Václav Bartuška - Europe must stop taking energy supplies for granted
The dispute between Russia and Ukraine over natural gas couldn’t have been more timely for the Czech EU Presidency, which has made energy security one of its three priorities for its six months in charge of the European Union. The Czech Republic is holding a number of conferences on energy security, one of which – on the electricity market – took place last week in Ostrava. On the fringes of the conference we caught up with the Czech Republic’s ambassador at large for energy Václav Bartuška, and asked him why the Czechs had chosen energy.
“We put a lot of money and thought and investment and work in energy security long before it became fashionable. In the 1990s we started to build major pipelines to the west and started buying natural gas from Norway, so it’s not a new thing for us. So two years ago, when we were planning our presidency, we looked around Europe and looked for fields which we thought were underrepresented, and energy seemed to us a natural choice.”
Your timing was certainly impeccable – did the Russia-Ukraine gas crisis change anything for the Czech presidency?
“It helped us a lot with I would say the public relations effort, definitely, and I’m very thankful to the Kremlin and Kiev for organising this, so, so well. That being said, I don’t think we should be that much influenced that much by single crises, be they with Russia or in future with some other countries. We should really think in the long term, not what happened last week. That would always leave us just chasing events, not actually being ahead of it.”

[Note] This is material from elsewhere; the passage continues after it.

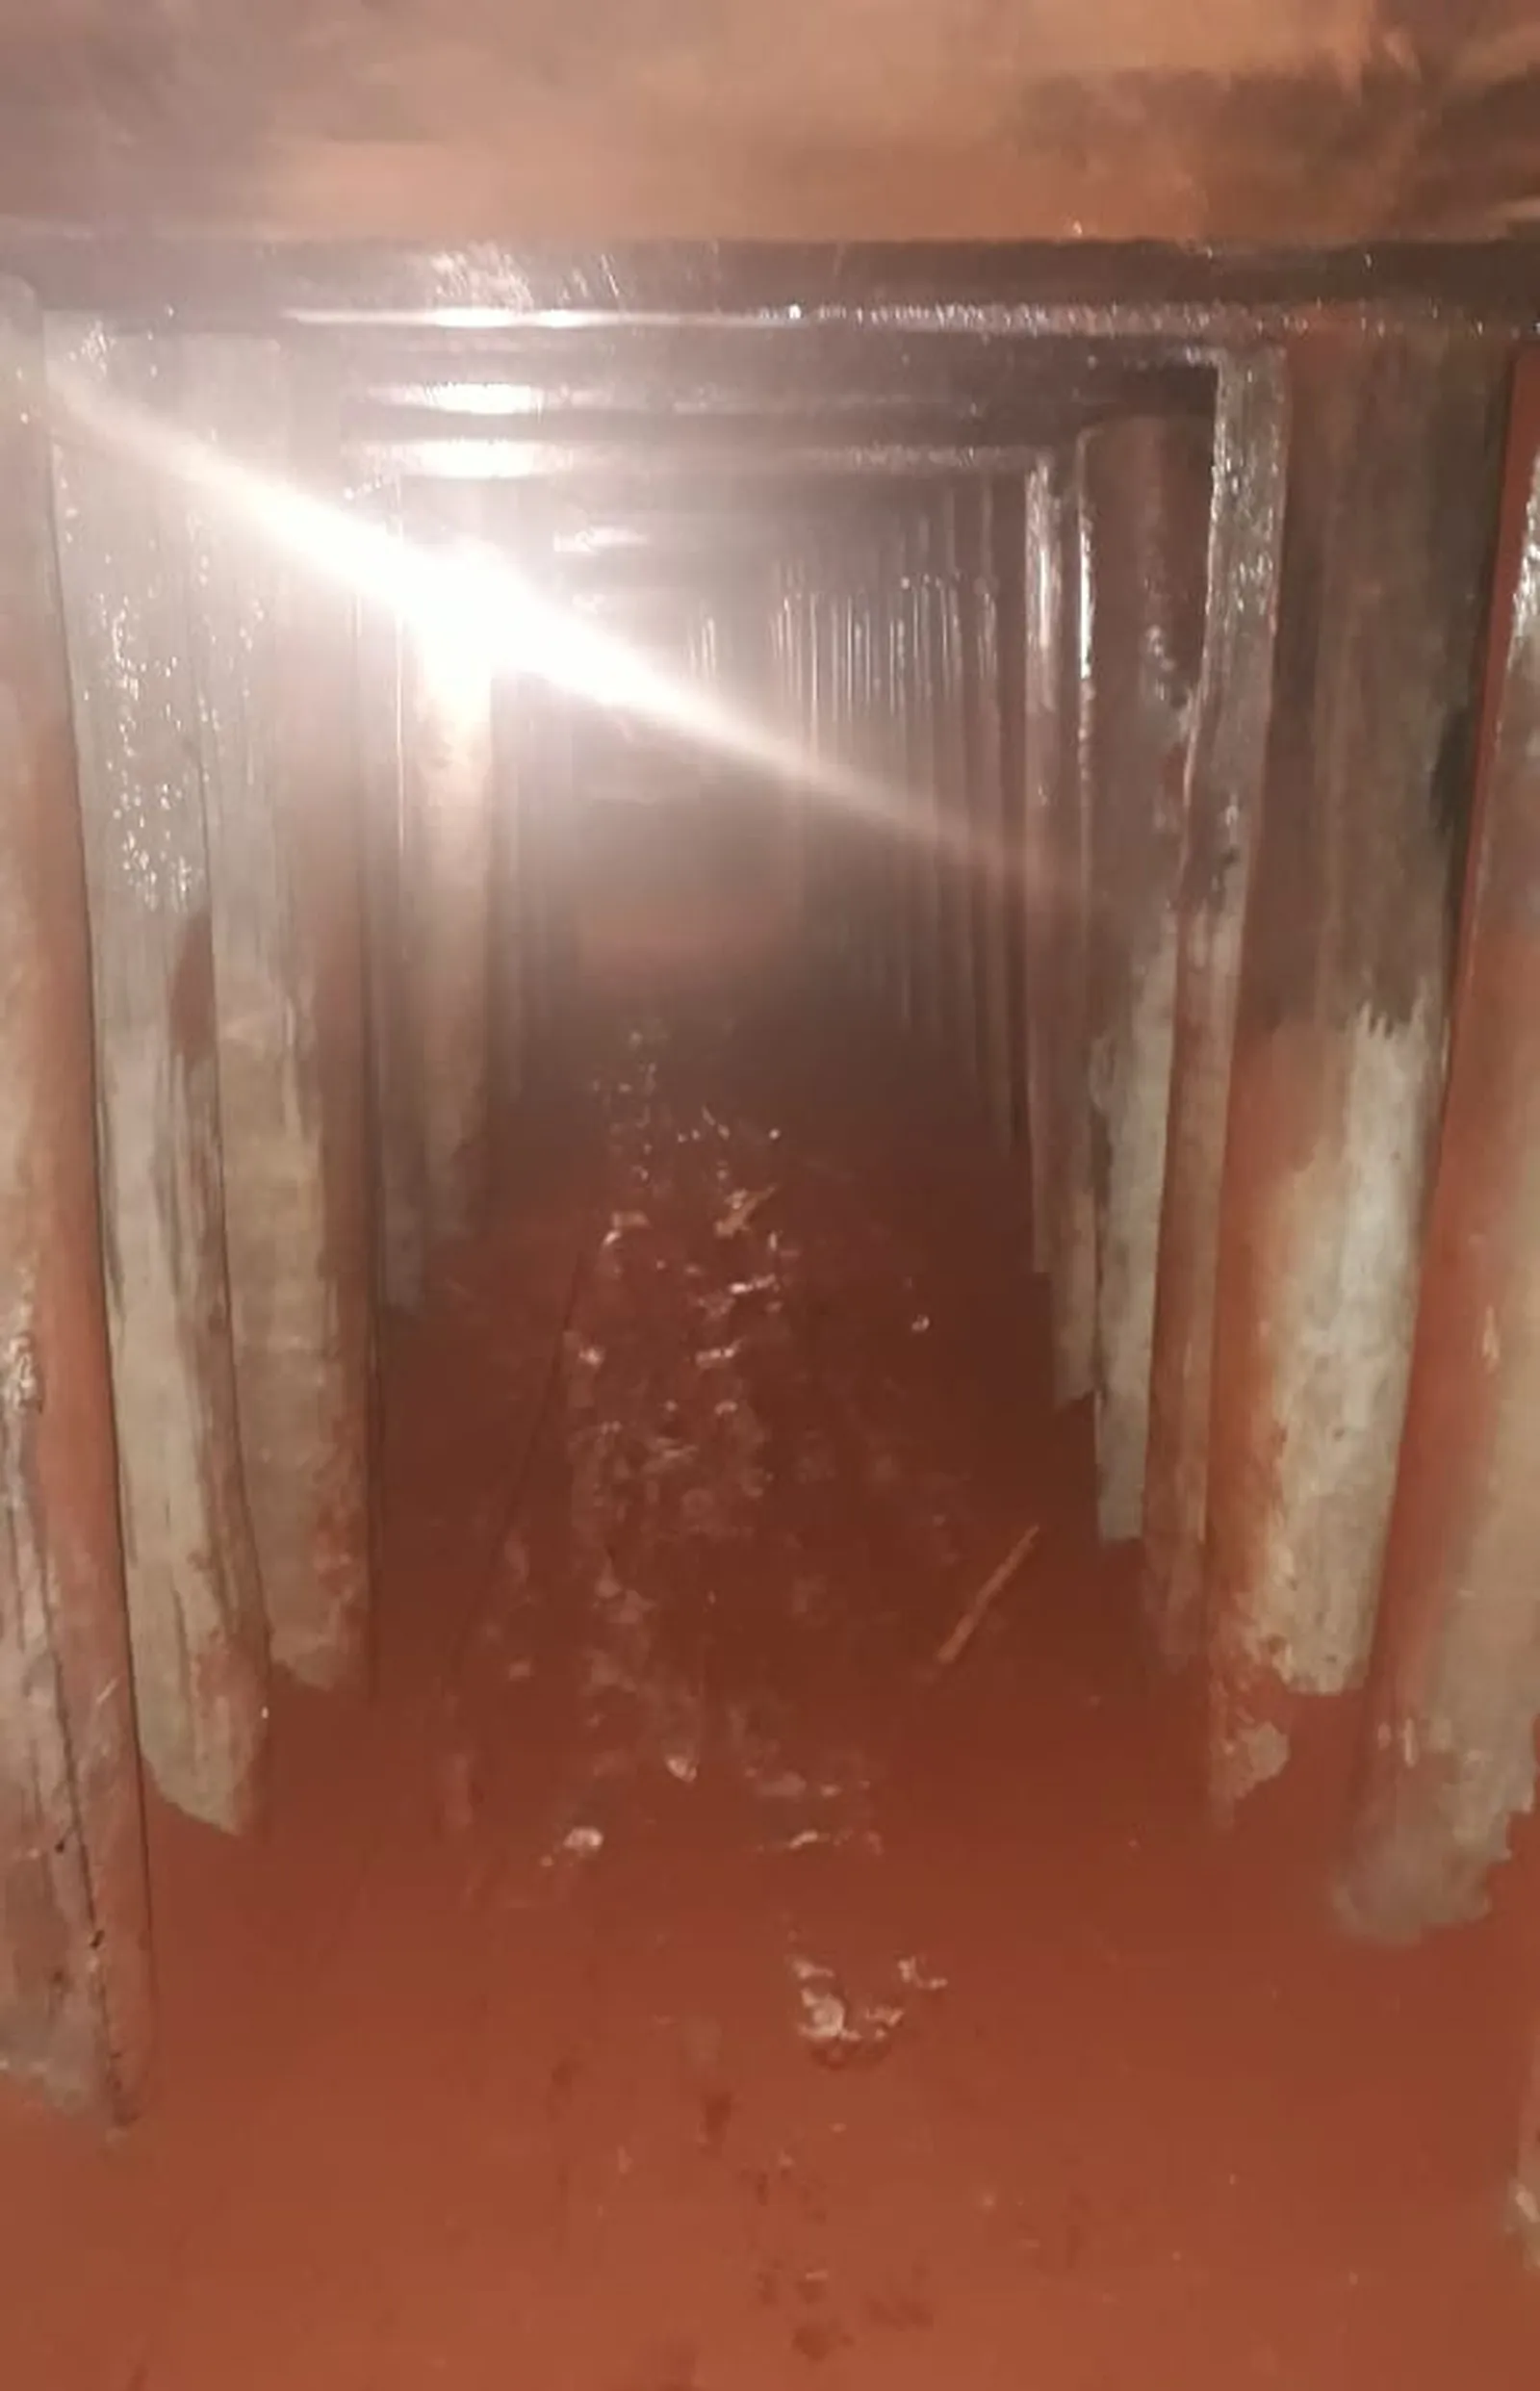 Bandido que escavou túnel para chegar ao cofre do Banco do Brasil fugiu da cadeia cavando outro túnel, diz polícia

It seems the real obstacle is money – we can talk about diversification and building new pipelines and so on, but countries have to pay for them. How are you going to get them to do that?
“No, no. We have a saying in Czech – who wants, looks for ways to do it, who doesn’t want, looks for reasons not to do it. And I think that’s very precise. If we find that we need to interconnect Europe, to be better able to withstand future crises, we will find the money, I’m pretty sure about that.”
It’s an expensive business though isn’t it?
“Is it? Really? When we started to buy Norwegian gas in 1997, the press quickly dubbed it ‘expensive Norwegian gas’. Well, guess what, it was the only gas that entered our country during the crisis in January this year. I don’t think it was really expensive, when it was the only one. So, energy, the warmth of our houses, the gasoline for our cars, the electricity for our lights – this is something we take for granted. Once you start to realise that we could have serious shortages of any of these, those investments don’t look particularly daunting I would say.”